- [What this task involves] Would you please copy only the lines from the line that contains "SI-UK University Fair" to the end of the data below, exactly, leaving every picture out?

- [Study material]
● ● ●

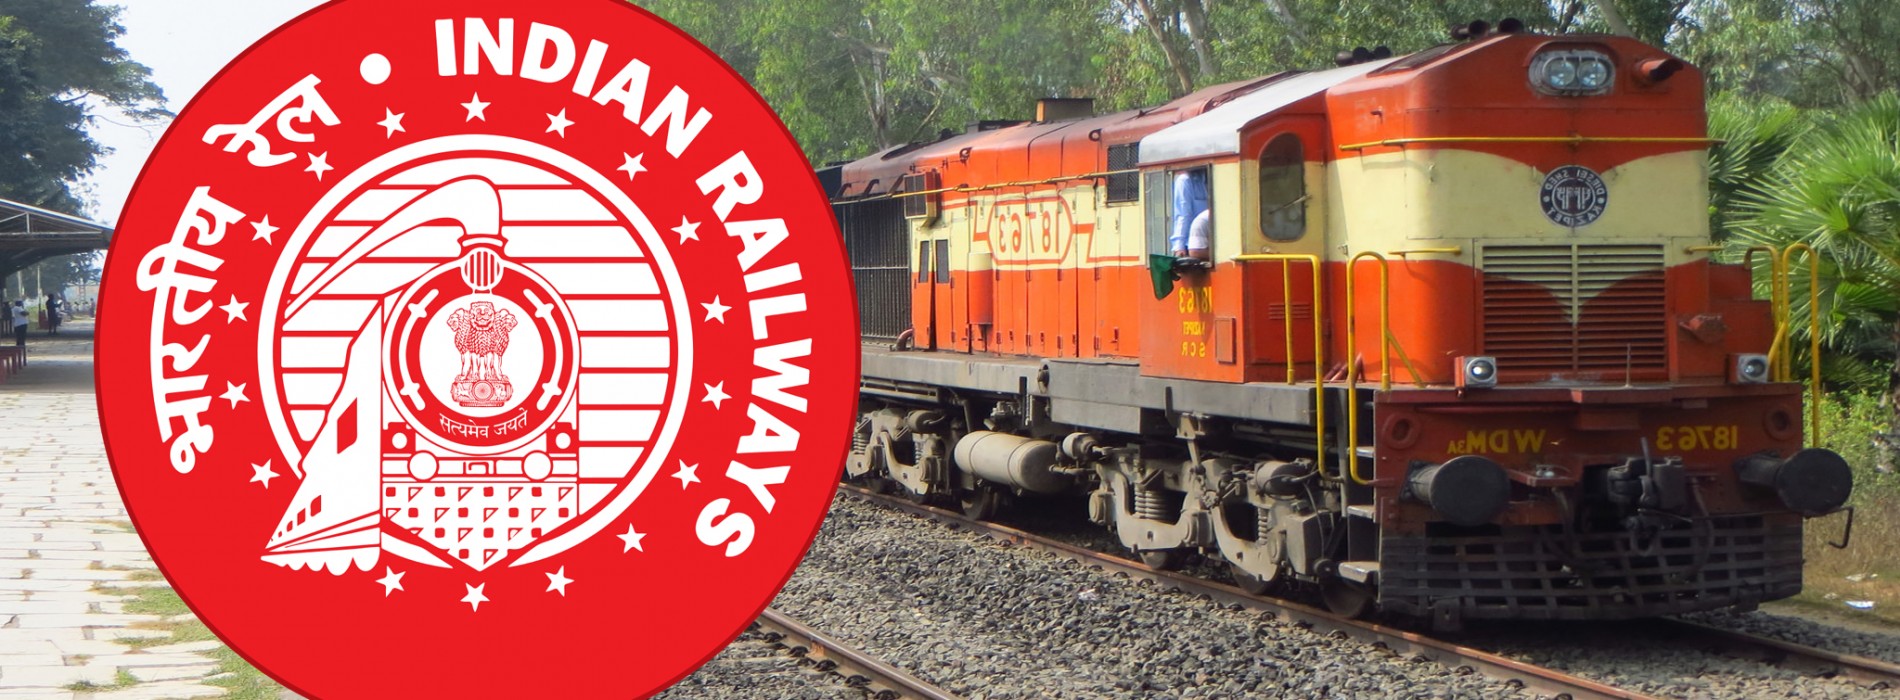 Indian Railways to offer veg-only menu on Gandhi Jayanti
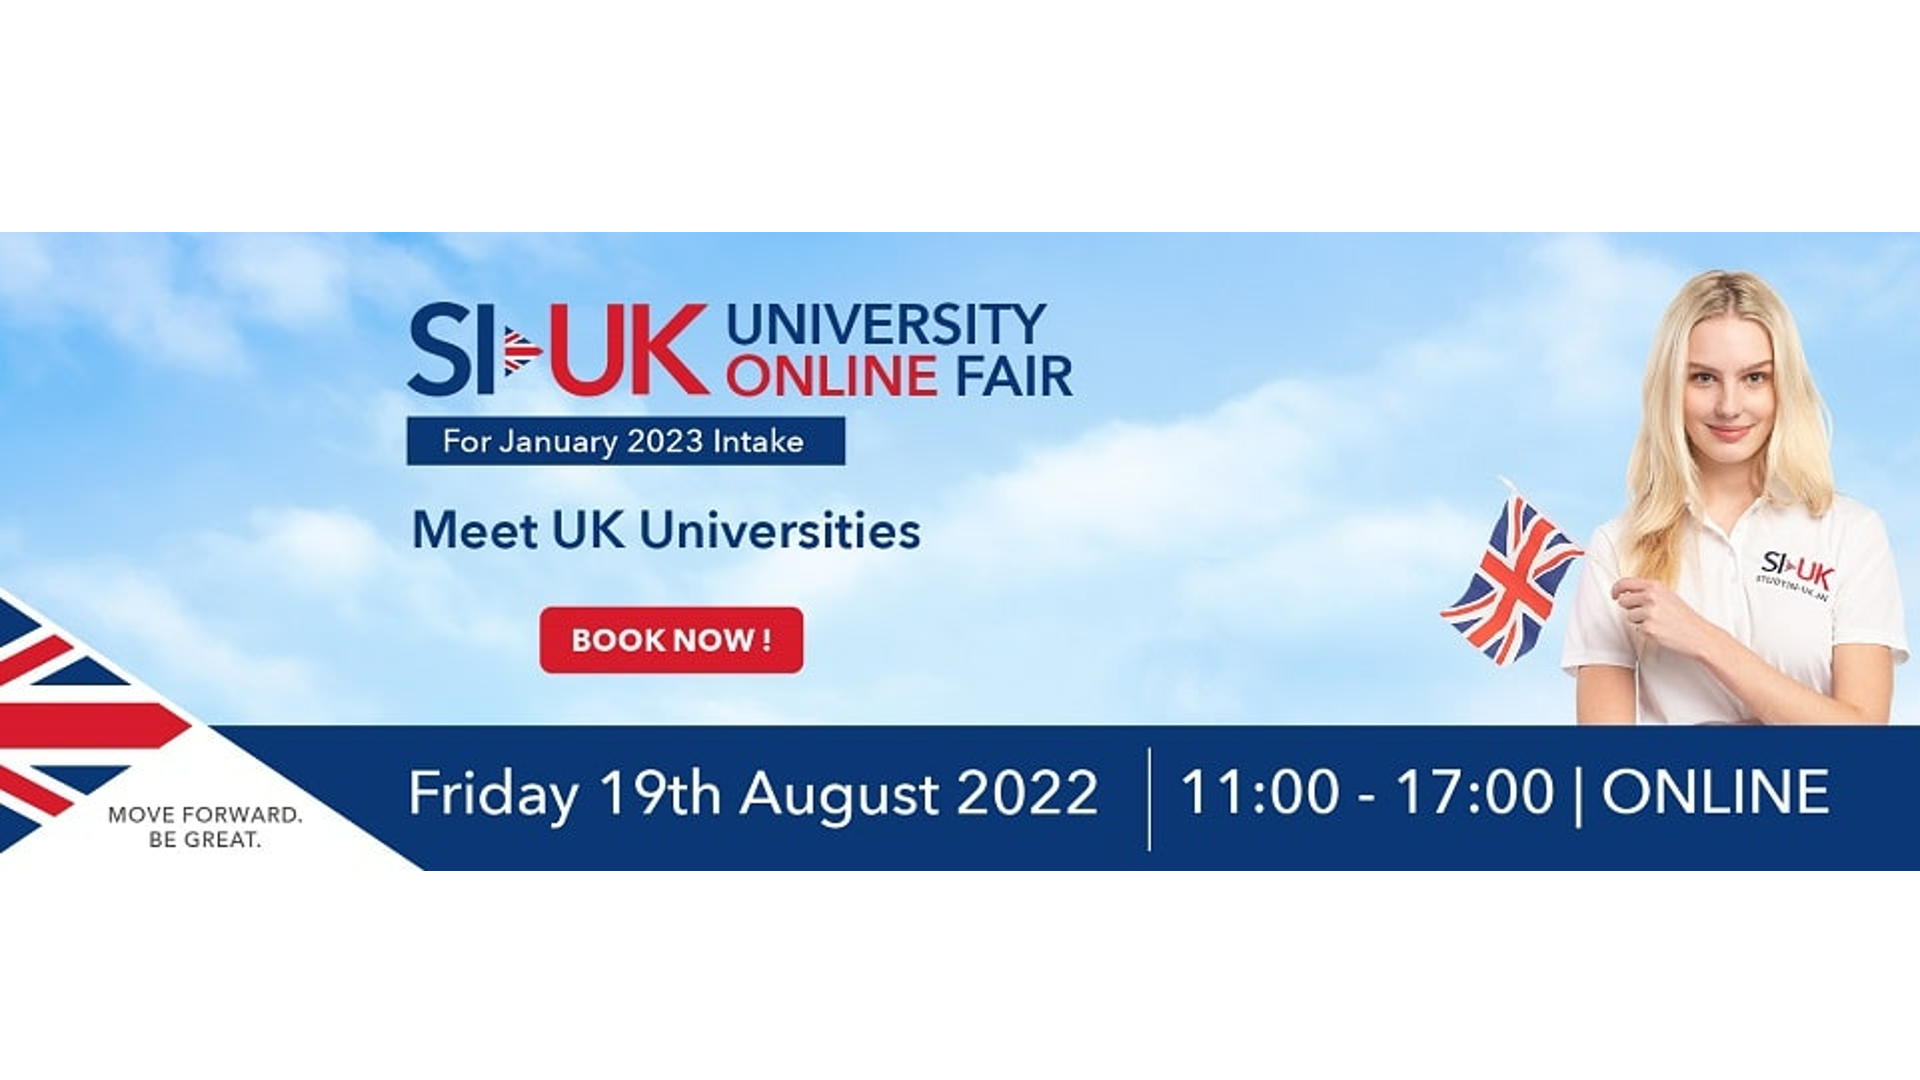 SI-UK University Fair Jaipur 2022, Online Event
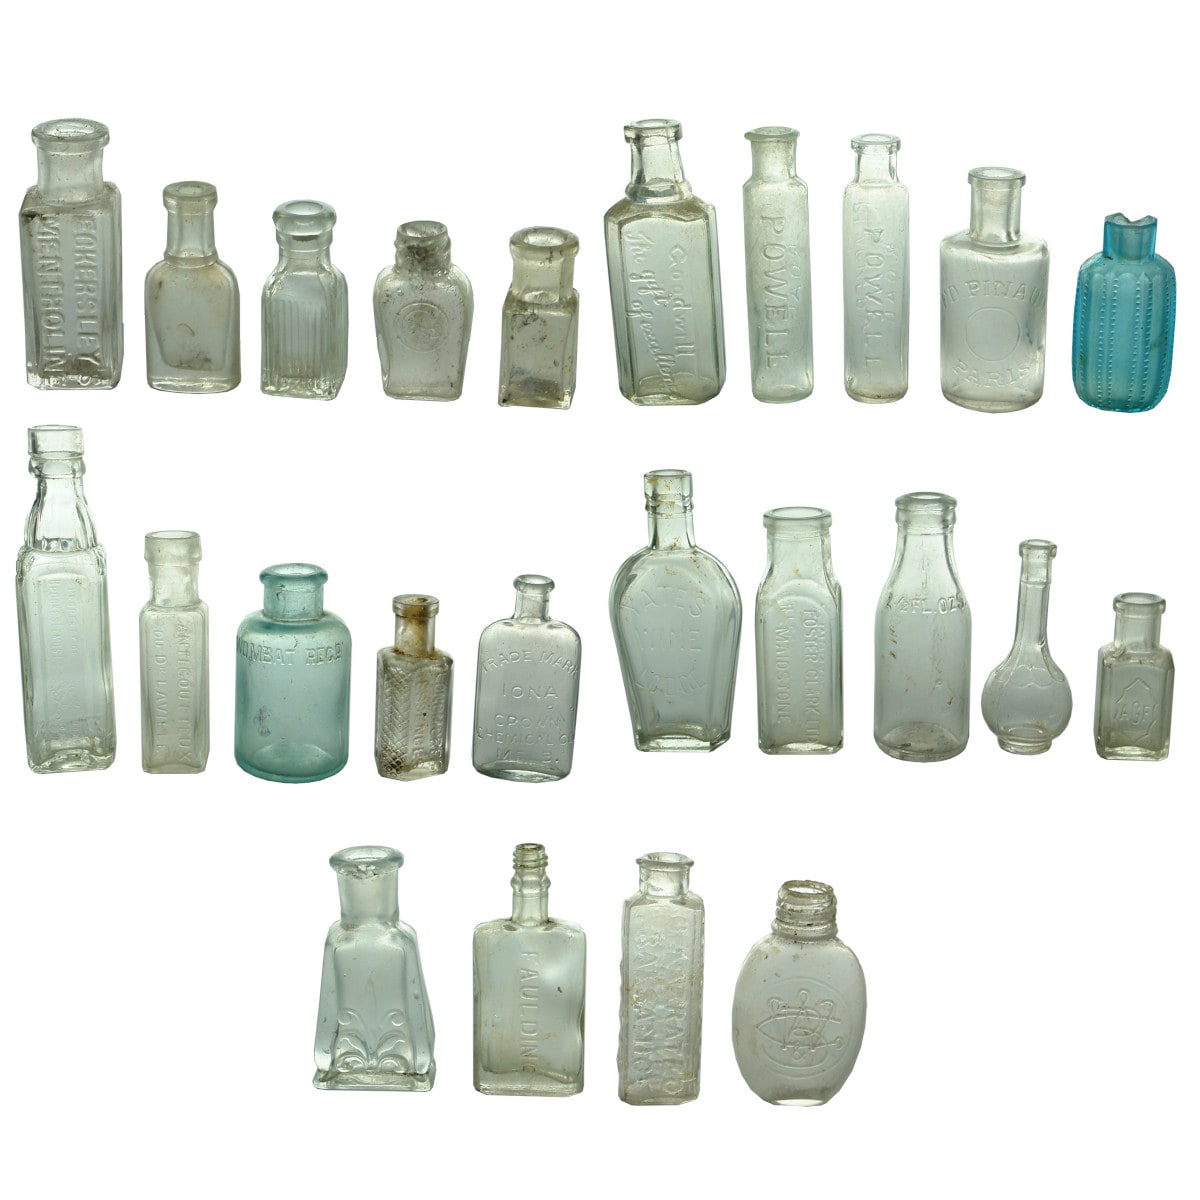 24 Small Bottles: Eckersley's; Poison; Perfume; Goodwill; Pinaud; Powell; Wombat; Longmore's; Effel Tower, etc. etc.
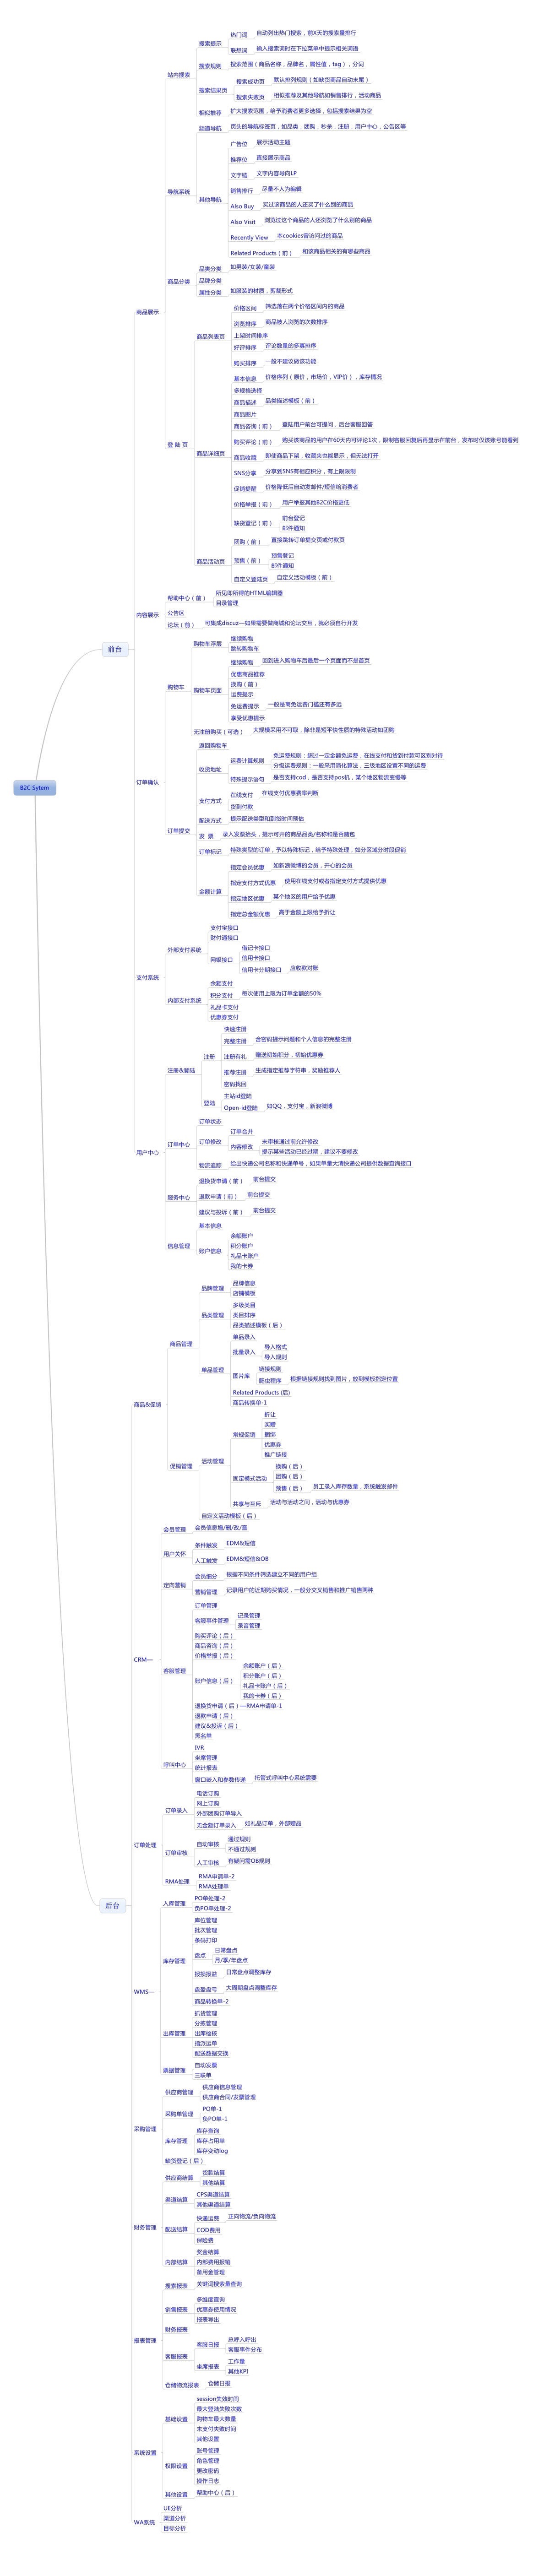 Java从零进阶自学路线图 - 文章图片
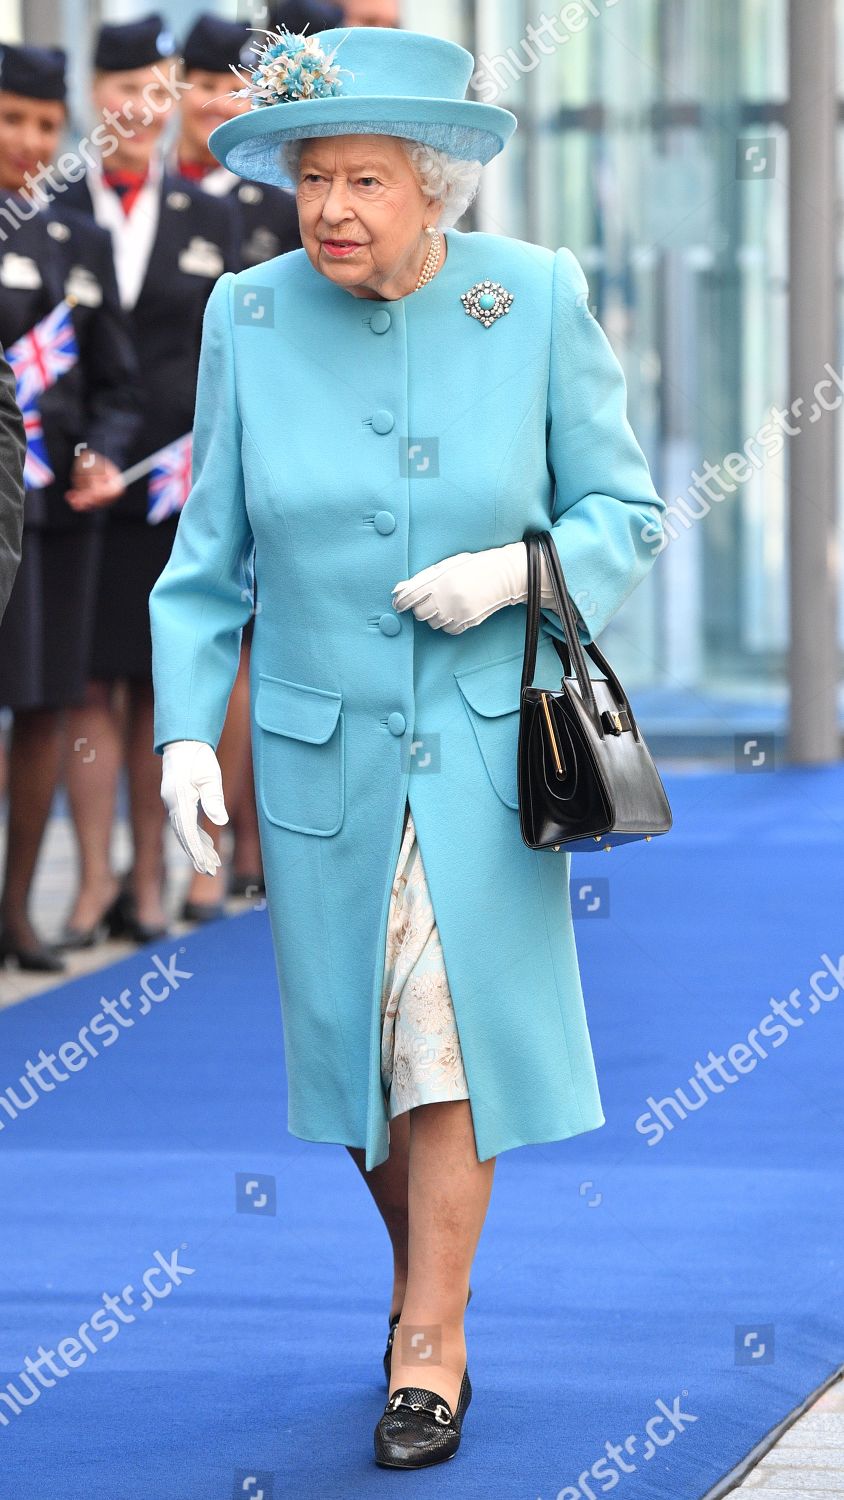 queen-elizabeth-ii-visits-british-airways-headquarters-at-heathrow-airport-london-uk-shutterstock-editorial-10245463e.jpg

● ● ●

- [Written answer]
 SI-UK University Fair Jaipur 2022, Online Event
 24 Small Bottles: Eckersley's; Poison; Perfume; Goodwill; Pinaud; Powell; Wombat; Longmore's; Effel Tower, etc. etc.
 Java从零进阶自学路线图 - 文章图片
 queen-elizabeth-ii-visits-british-airways-headquarters-at-heathrow-airport-london-uk-shutterstock-editorial-10245463e.jpg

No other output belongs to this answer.